Our notion of scaling up content analysis therefore should be seen as a guiding principle and aid for researchers that are in the adopting automated content analysis techniques. The principle of scaling up implies that already at the design phase one should think about how to re-use data and analysis, thereby focusing on the scalability of the approach. Scalability does not only refer to storage size of computational power, but also to things like making it scriptable, and to the avoidance of manual interventions. Manually copy-pasting something might be fine for one file, but what if you have hundreds of them?

For future work, the line of reasoning to behind our criteria for a framework for scaled-up content analysis can be extended. For instance, one can think of making sure that each module in such a framework (input filters, text-processing facilities, analyses) is implemented in a standardized way, to make sure that people with minimal programming knowledge can add or modify these elements (think of student assistants who followed a methods course). This would also make it easier to increase the number of modules to make it more useful for more colleagues to create synergy effects.

An additional way to extend an implemention as discribed in is to follow the example of frameworks which offer the possibility for human coders or annotators (in communication science lingo and computer science lingo, respectively) to manually code or annotate content (e.g., Niekler & Wiedemann, Citation2015; Van Atteveldt, Citation2008). This can be either useful in itself (if the automated part of the analysis is only meant to reduce the number of relevant articles), or it can be used as input to train a machine learning algorithm, which then classifies the rest of the material automatically.

Strycharz et al. (Citation2018) used such a function: They used a regular expression-based search query to identify potentially relevant articles in their database backend, but the retrieved articles where then presented to human annotators who could tag the articles as either relevant or not. While this approach, obviously, does not scale well, it nevertheless could be interesting as an additional component in a scalable framework: Because the annotators’ tags where stored in the database itself, one could try to train a supervised machine learning algorithm on it to improve future search results, which, in fact, would add to the system’s scalability.

Seeing the increased use of automated content analysis in communication science, we hope to see more implementations of systems that allow scaling up content analysis—but even more, we hope to spark a discussion on best practices for scaling up content analysis.
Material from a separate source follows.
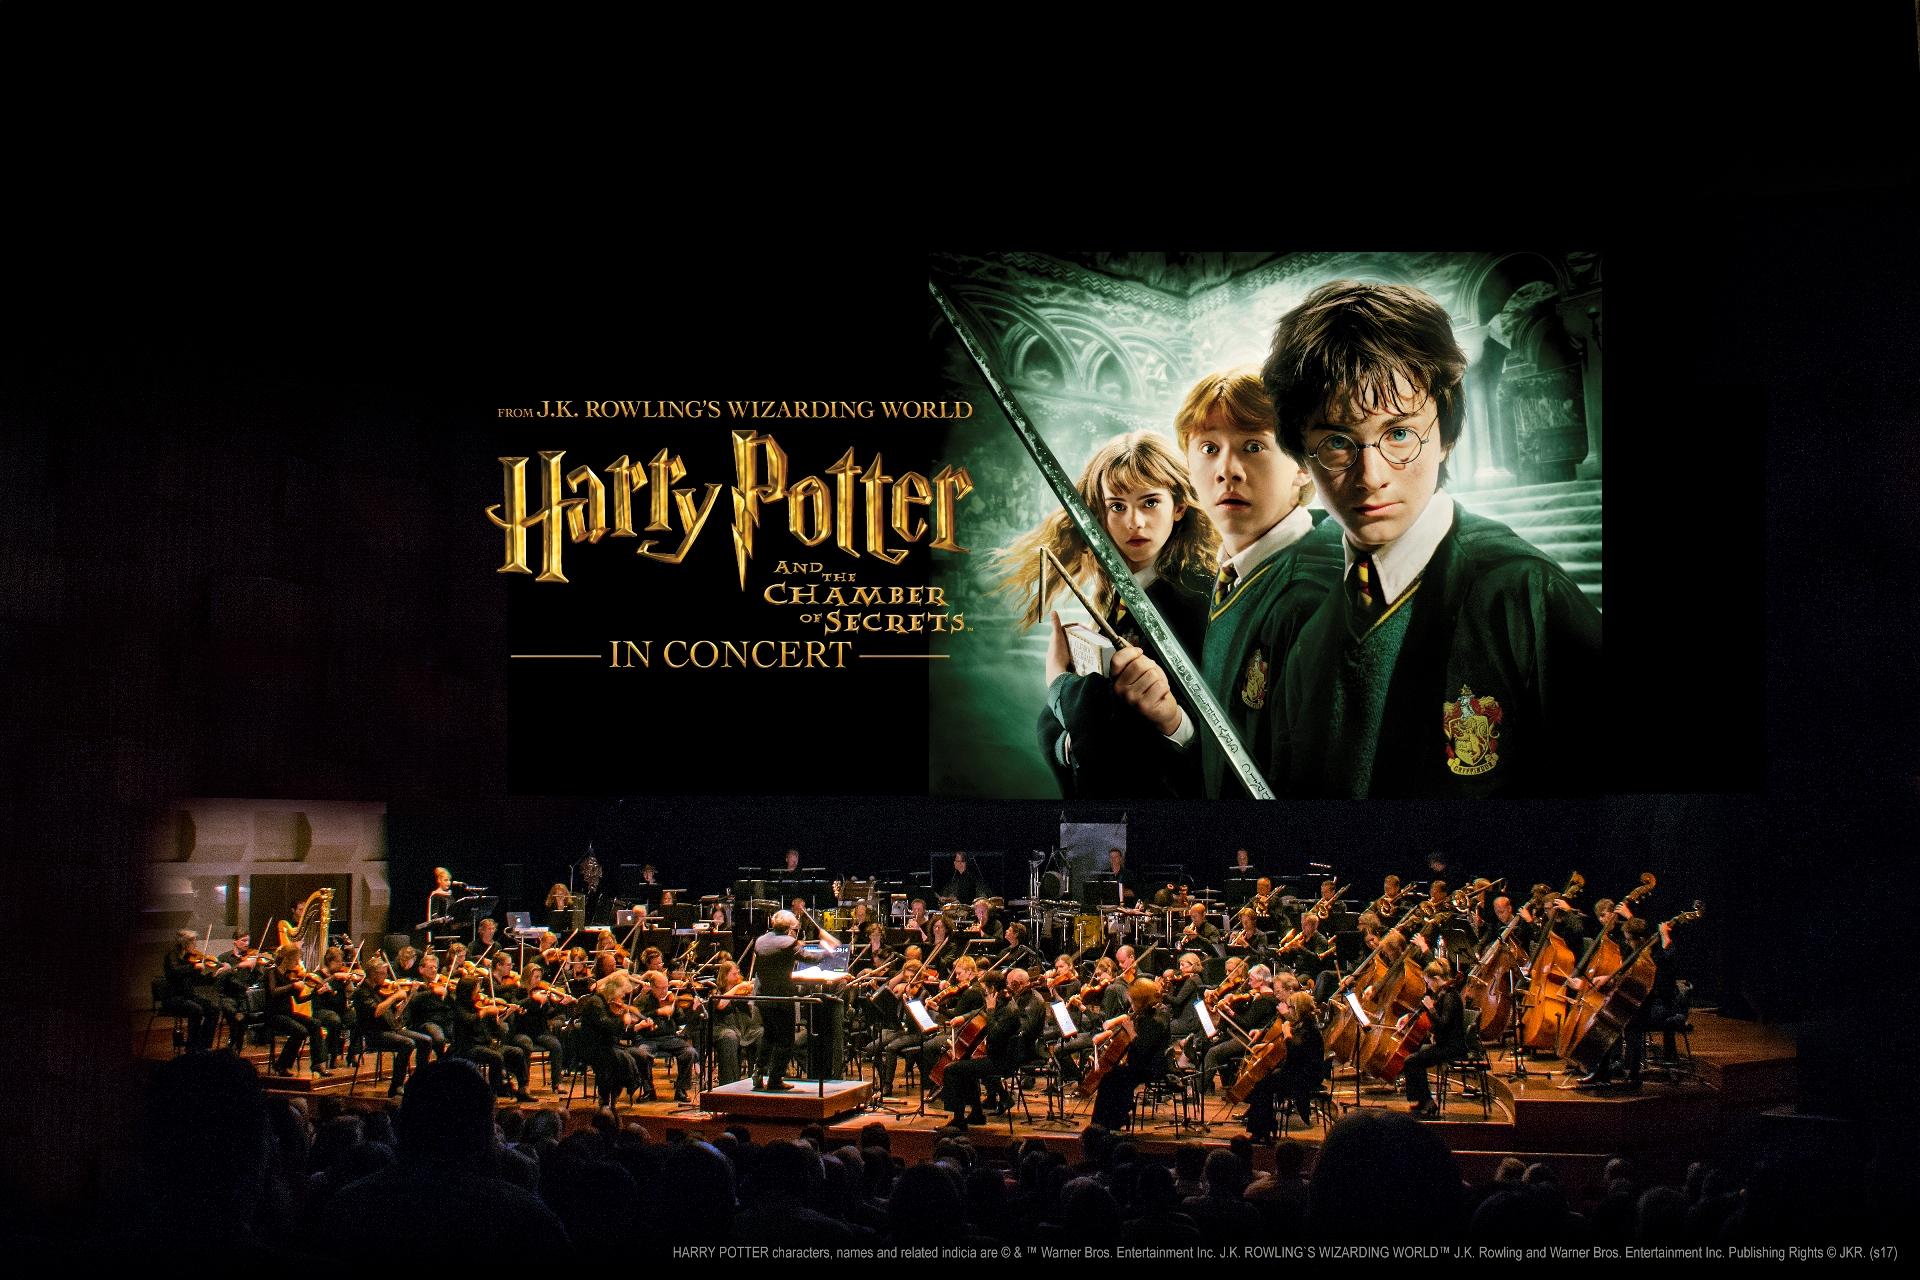 HSO to perform music of ‘Harry Potter’ movies

After all, the journey has just begun.

Additional information

Funding

This work was carried out on the Dutch national e-infrastructure with the support of SURF Foundation.

Notes

1 Comparable special issues were published in 1993, 2008, and 2018.

2 We would like to thank an anonymous reviewer for pointing us to the comic strip available at https://xkcd.com/927/, which claims that an attempt to unify 14 competing standards will result in 15 competing standards.
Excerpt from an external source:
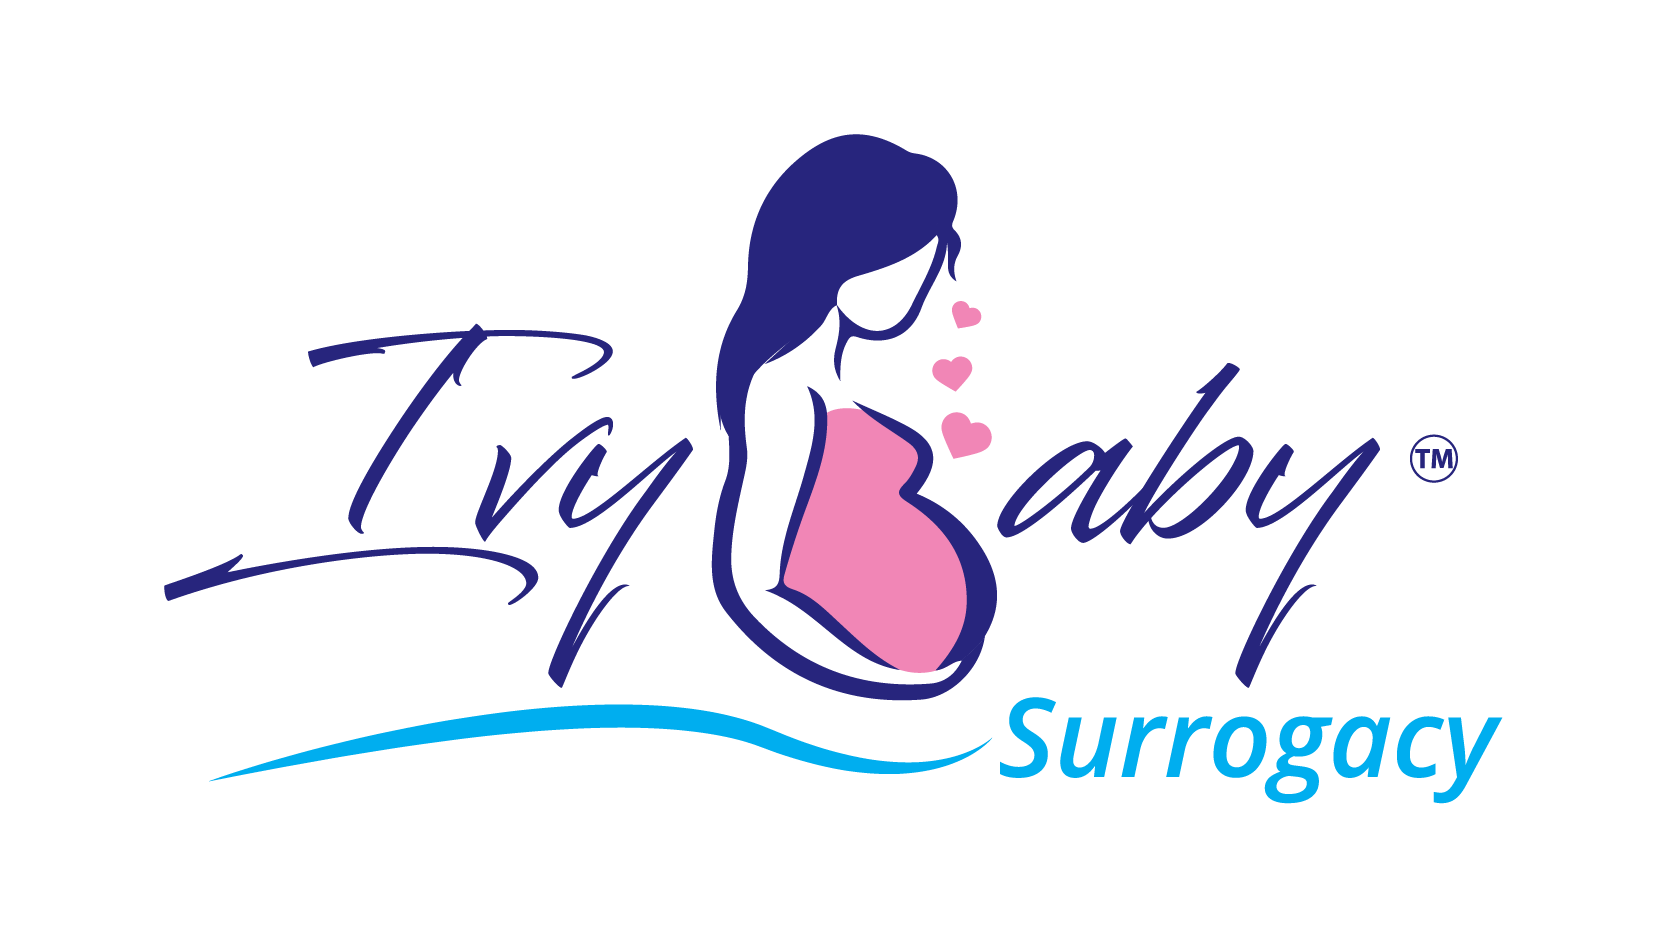 A LIFE CHANGING EXPERIENCE FOR SURROGATES

3 This situation has improved, though, since more and more social scientists use environments like R or Python that allow for integrated workflows. Nevertheless, the large market for commercial tools like Provalis Wordstat or standalone-tools developed by individual scientists (e.g., http://leydesdorff.net/) illustrate that the use of standalone programs is still considerable.

5 While we have argued above that Big Data is not the most appropriate term for the type of data most social scientists work with, the general argument here remains true for smaller, but still very large datasets: There is little reason to draw a sample if enough computing power is available.

6 For an example of an exception, see Lansdall-Welfare et al. (Citation2017).

7 We do not discuss specific frameworks like Hadoop in detail, because they are for even large-scale content analysis not (yet) neccessary (for an exception, see Lansdall-Welfare et al., Citation2017). This may change, however, once it becomes more common to analyze non-textual data. For a comparison between MongoDB and Hadoop for social media research, we refer to Murthy and Bowman (Citation2014).